__SUPPLIED DATA__.

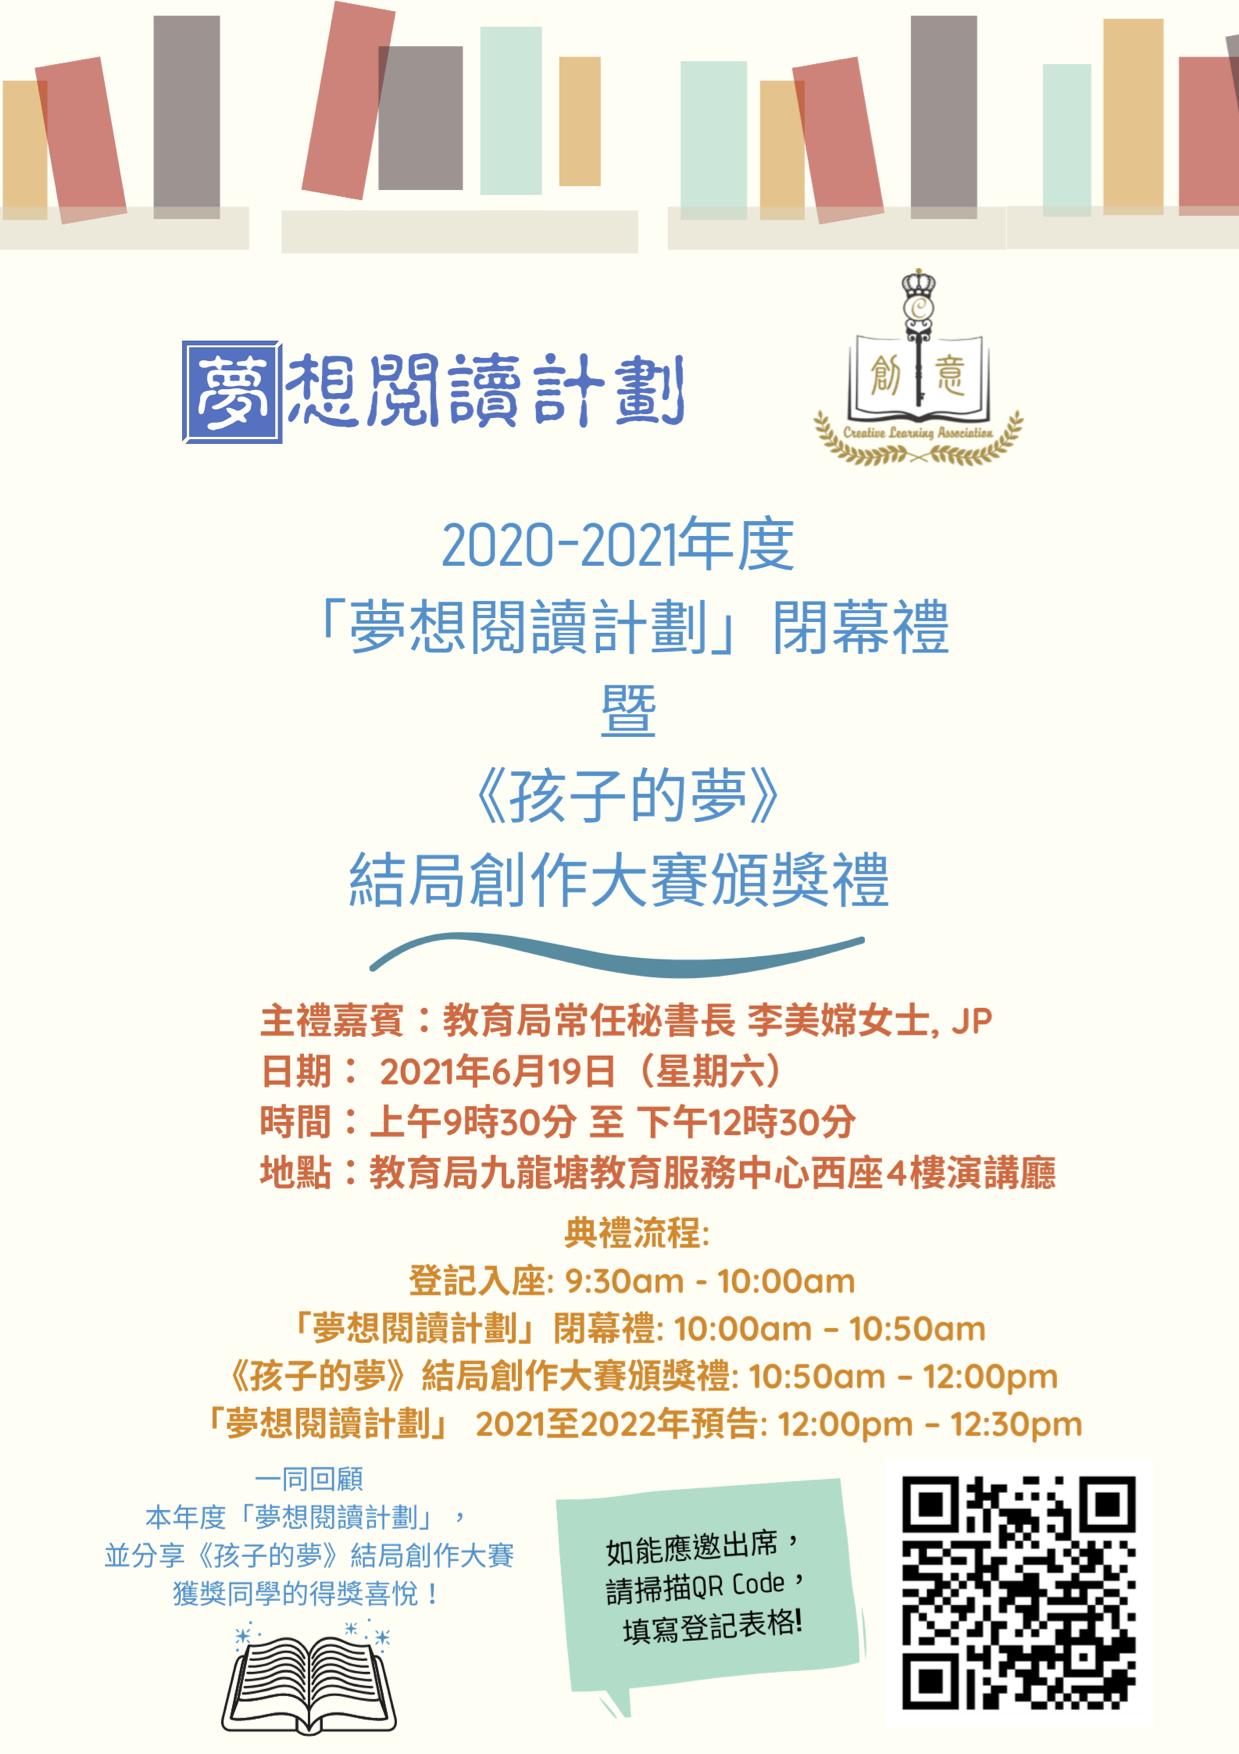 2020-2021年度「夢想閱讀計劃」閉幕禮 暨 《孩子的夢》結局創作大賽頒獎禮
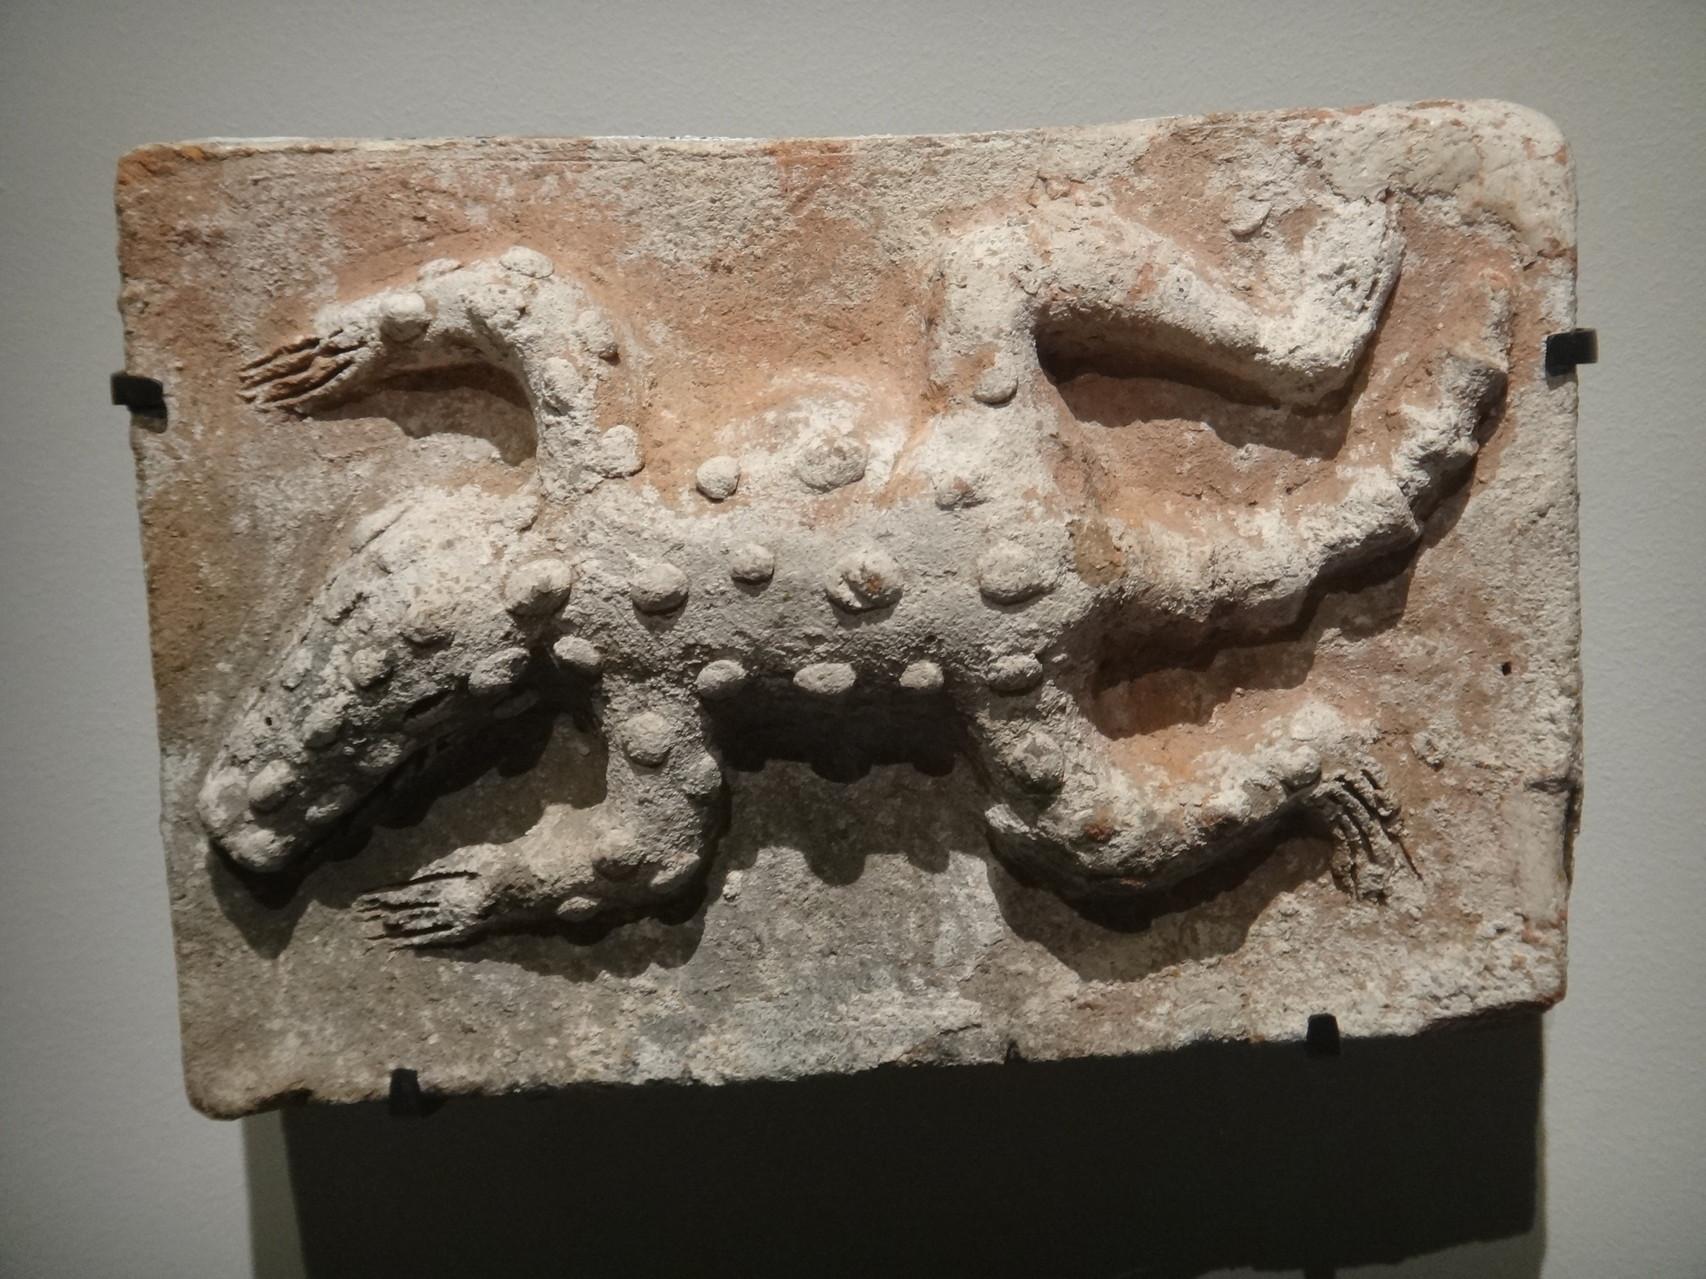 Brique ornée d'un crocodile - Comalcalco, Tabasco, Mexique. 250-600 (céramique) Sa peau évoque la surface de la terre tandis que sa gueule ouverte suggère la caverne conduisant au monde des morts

==

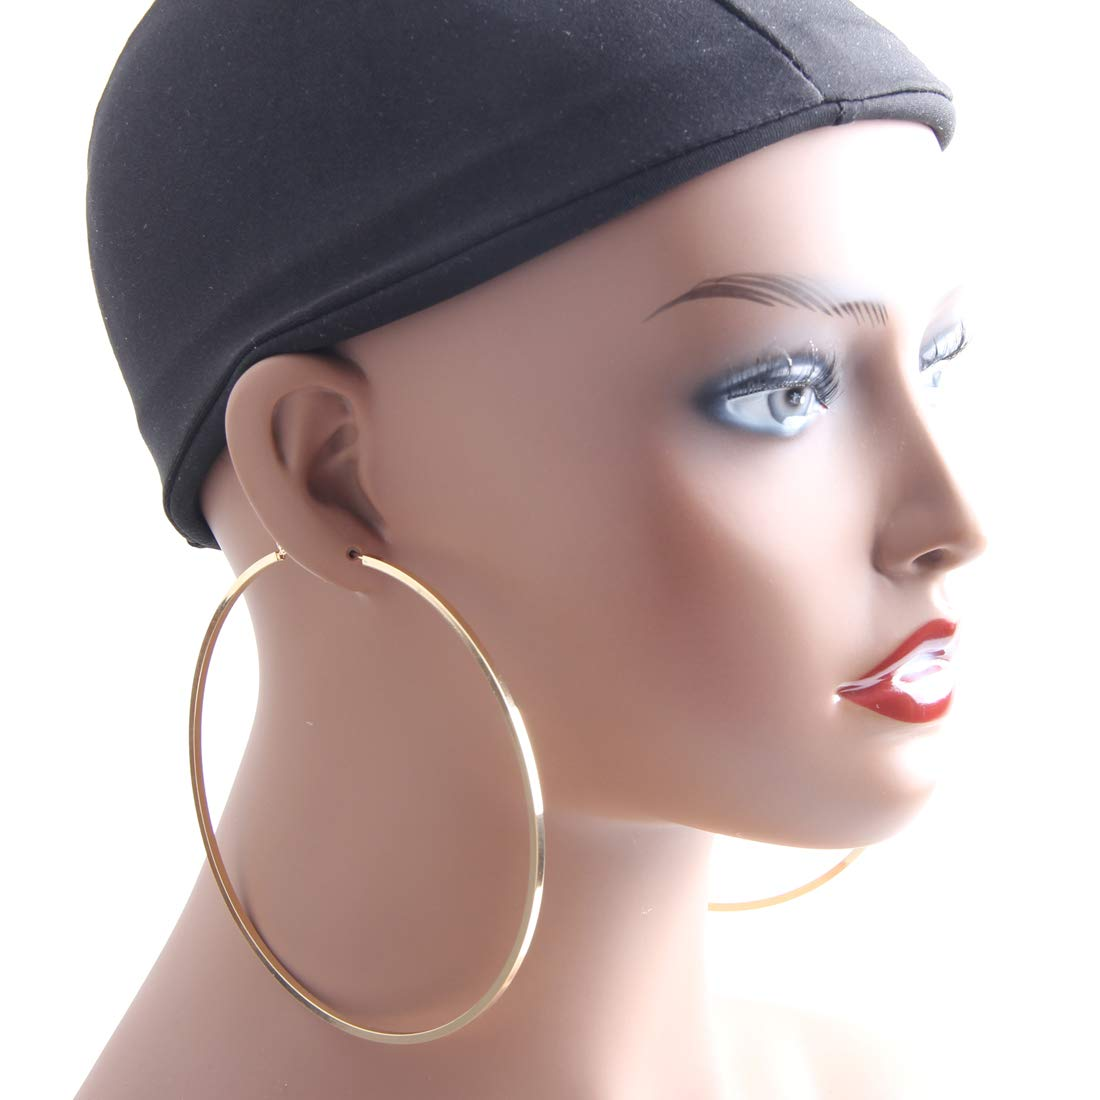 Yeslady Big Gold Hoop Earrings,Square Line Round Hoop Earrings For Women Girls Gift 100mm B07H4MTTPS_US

...

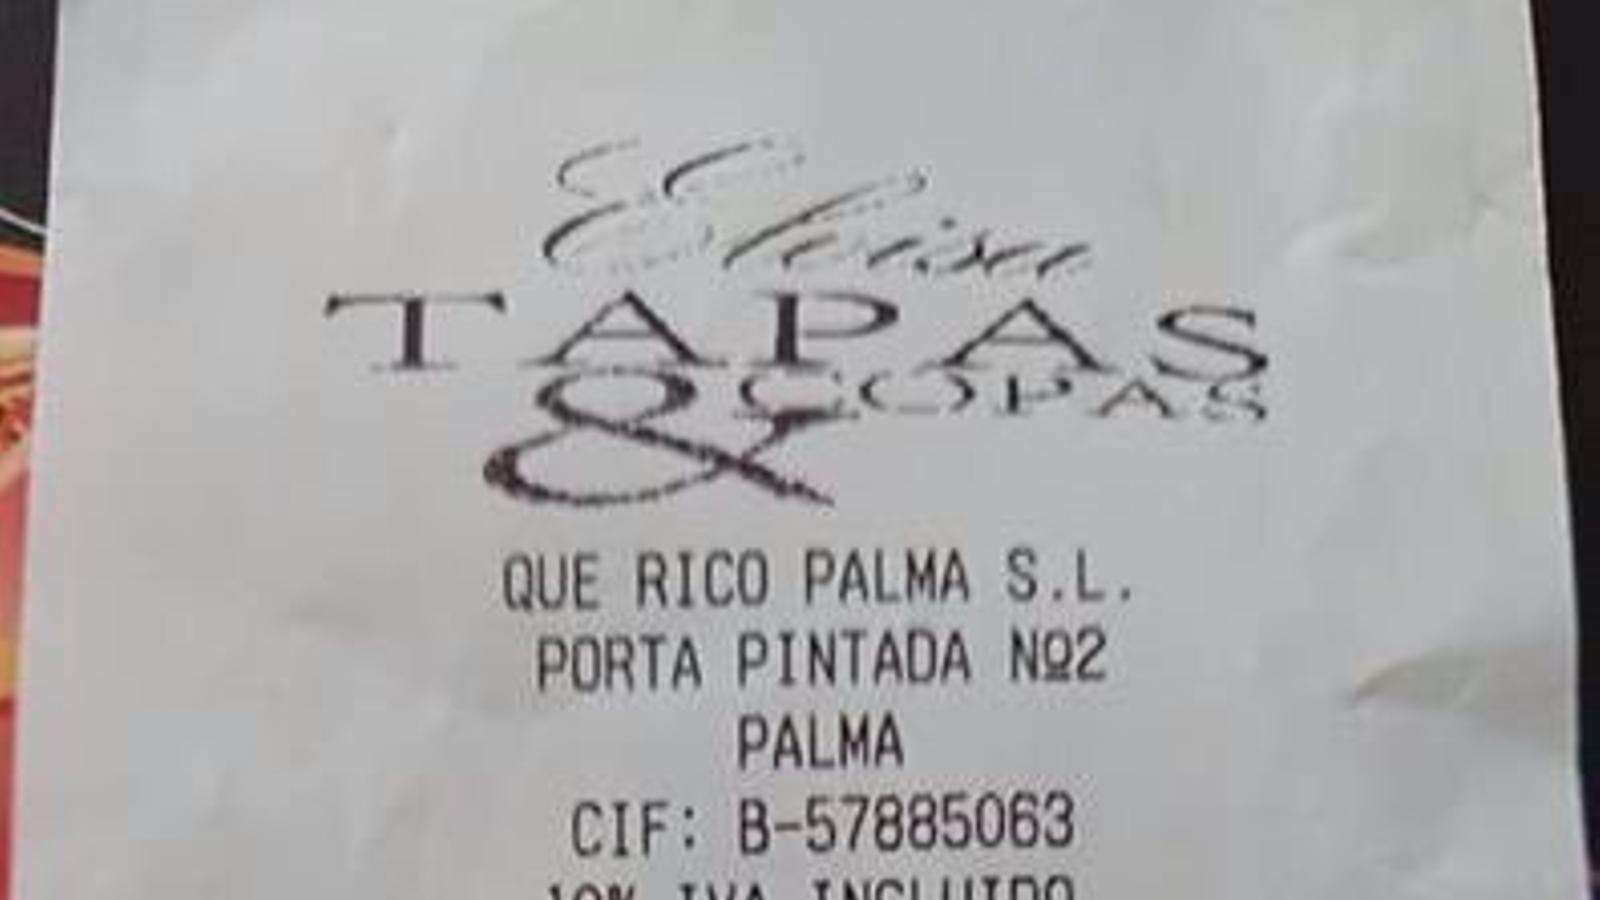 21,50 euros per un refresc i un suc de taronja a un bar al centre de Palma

__REQUIRED WORK__.
Take the entries above and copy exactly the lines starting at the one with "2020-2021年度「夢想閱讀計劃」閉幕禮 暨 《孩子的夢》結局創作大賽頒獎禮" and ending at the one with "Brique ornée d'un"; nothing outside that span, and no pictures.

__RESPONSE TO THE EXERCISE__.
 2020-2021年度「夢想閱讀計劃」閉幕禮 暨 《孩子的夢》結局創作大賽頒獎禮
 Brique ornée d'un crocodile - Comalcalco, Tabasco, Mexique. 250-600 (céramique) Sa peau évoque la surface de la terre tandis que sa gueule ouverte suggère la caverne conduisant au monde des morts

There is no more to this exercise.